The following discussion and analysis of the Company's financial condition and results of operations should be read in conjunction with the unaudited condensed financial statements and the notes thereto contained elsewhere in this Quarterly Report. Certain information contained in the discussion and analysis set forth below includes forward-looking statements that involve risks and uncertainties.

Special Note Regarding Forward-Looking Statements

This Quarterly Report includes "forward-looking statements" within the meaning of Section 27A of the Securities Act of 1933, as amended (the "Securities Act") and Section 21E of the Exchange Act that are not historical facts, and involve risks and uncertainties that could cause actual results to differ materially from those expected and projected. All statements, other than statements of historical fact included in this Form 10-Q including, without limitation, statements in this "Management's Discussion and Analysis of Financial Condition and Results of Operations" regarding the Company's financial position, business strategy and the plans and objectives of management for future operations, are forward-looking statements. Words such as "expect," "believe," "anticipate," "intend," "estimate," "seek" and variations and similar words and expressions are intended to identify such forward-looking statements. Such forward-looking statements relate to future events or future performance, but reflect management's current beliefs, based on information currently available. A number of factors could cause actual events, performance or results to differ materially from the events, performance and results discussed in the forward-looking statements. For information identifying important factors that could cause actual results to differ materially from those anticipated in the forward-looking statements, please refer to the Risk Factors section of the Company's Form 10, as amended, filed with the U.S. Securities and Exchange Commission (the "SEC"). The Company's securities filings can be accessed on the EDGAR section of the SEC's website at www.sec.gov. Except as expressly required by applicable securities law, the Company disclaims any intention or obligation to update or revise any forward-looking statements whether as a result of new information, future events or otherwise.





General Overview


We were incorporated on July 8, 2021 as an Oklahoma corporation and formed for the purpose of effecting a merger, capital stock exchange, asset acquisition, stock purchase, reorganization or similar business combination with one or more businesses. We have not selected any specific business combination target and we have not, nor has anyone on our behalf, engaged in any substantive discussions, directly or indirectly, with any business combination target with respect to an initial business combination with us. We intend to effectuate our initial business combination using our capital stock, debt or a combination of cash, stock and debt.





Current Business



We have neither engaged in any operations nor generated any operating revenues to date. Our only activities for the period from July 8, 2021 (inception) through April 30, 2022 were organizational activities, preparing and filing a Form 10 with the SEC, and then identifying a target company for a business combination. We will not generate any operating revenues until after completion of our initial business combination. There has been no significant change in our financial or trading position and no material adverse change has occurred since the date of our audited financial statements. We expect to incur increased expenses as a result of being a public company (for legal, financial reporting, accounting and auditing compliance), as well as for due diligence expenses.





Results of Operations


Results of Operations for the Three Months Ended April 30, 2022 and 2021

For the three months ended April 30, 2022, we had a net loss of $3,218, resulting from transfer agent fees. As the Company was formed on July 8, 2021, we had no operations to report as of April 30, 2021.





10






Results of Operations for the Nine Months Ended April 30, 2022 and 2021

For the nine months ended April 30, 2022, we had a net loss of $27,921, resulting from accounting fees, transfer agent fees, edgarization fees and postage expenses, primarily related to the costs of maintaining our company current with the transfer agent and with our filing obligations with the Securities and Exchange Commission. and expenses related to the notice of corporate action filed with FINRA to effect a reverse split and name change. As the Company was formed on July 8, 2021, we had no operations to report as of April 30, 2021.
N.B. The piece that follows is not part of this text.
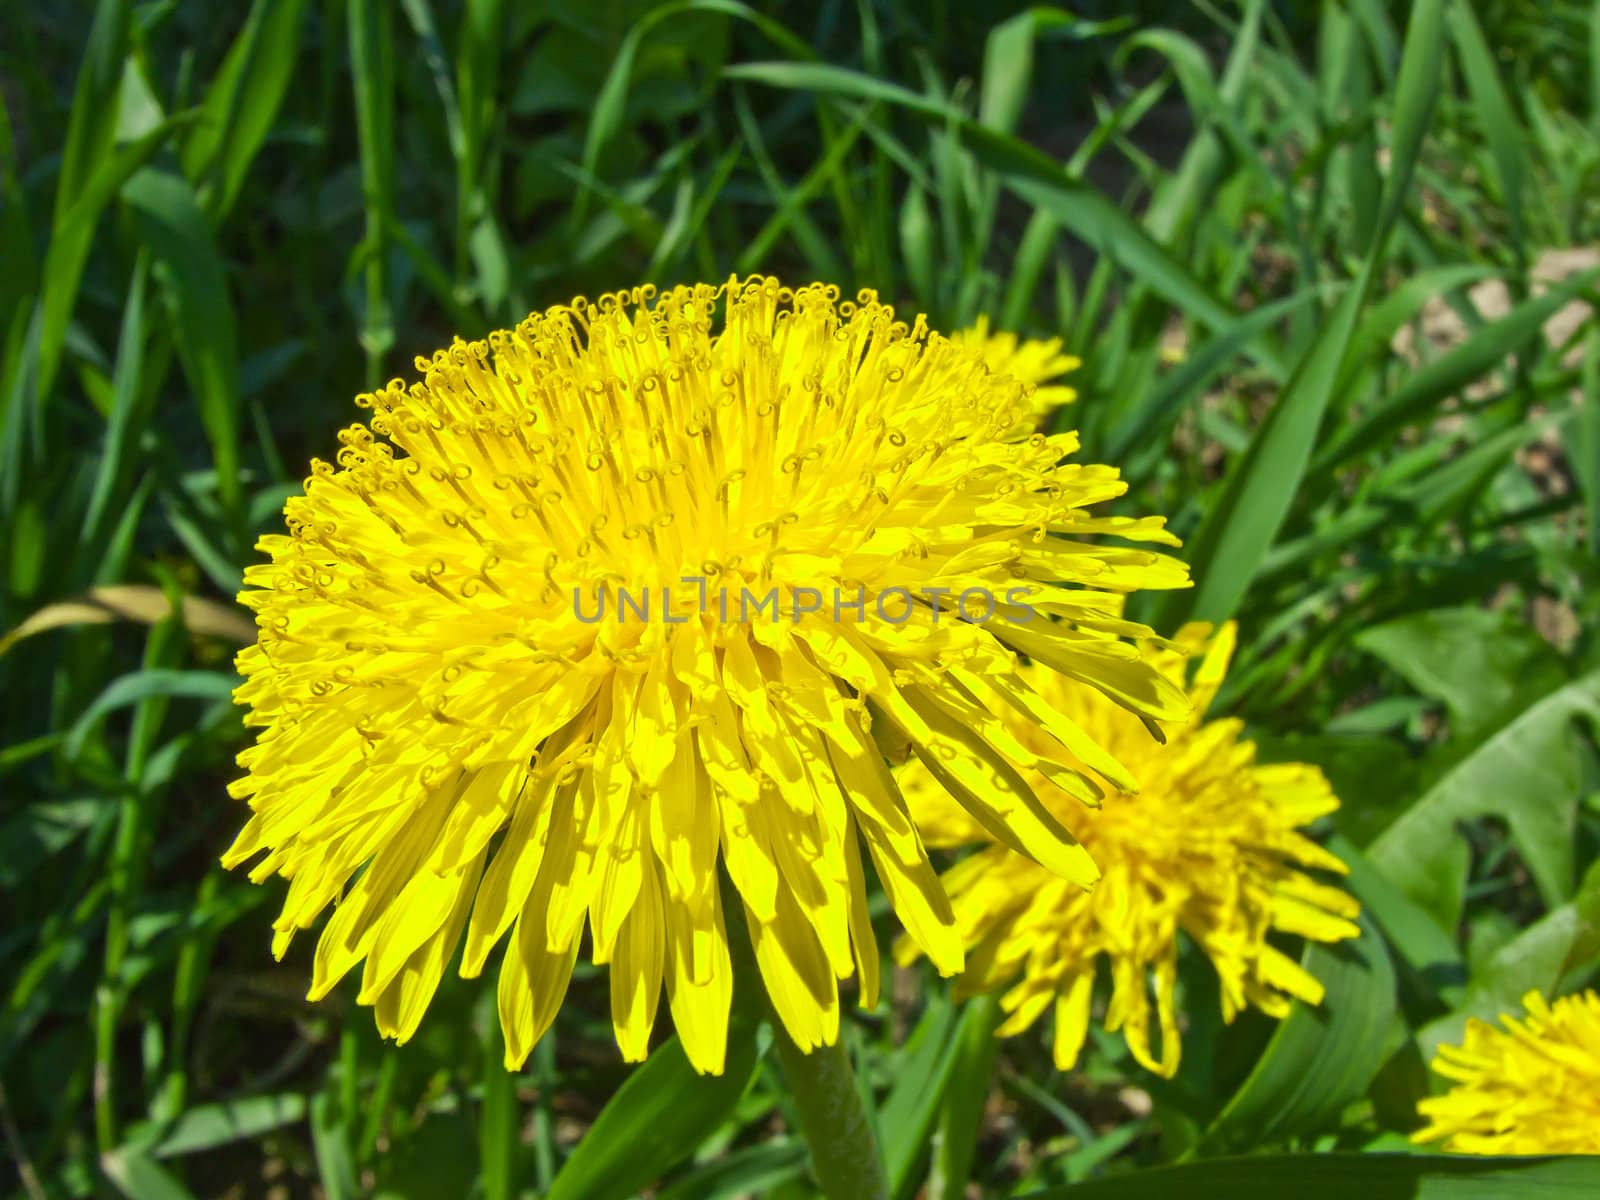 A flower of a dandelion in a field close-up

Liquidity and capital resources.

The Company has no working capital, with all of its foreseeable capital needs being met by contributions or loans from its sole officer and director. The Company has no business at this time and is seeking to acquire another business.





Cash flows


For the nine months ended April 30, 2022, we used $27,639 of cash in operations, all of which was contributed by the former majority shareholder.

We expect that we will require an additional $35,000 to be either contributed or loaned by the officer and director during the remainder of the year ending July 31, 2022.





CRITICAL ACCOUNTING POLICIES



Refer to Note 2 of our financial statements contained elsewhere in this Form 10-Q for a summary of our critical accounting policies and recently adopting and issued accounting standards.

Off-Balance Sheet Arrangements

We have no off-balance sheet arrangements that have or are reasonably likely to have a current or future effect on our financial condition, changes in financial condition, revenues or expenses, results of operations, liquidity, capital expenditures or capital resources that is material to stockholders.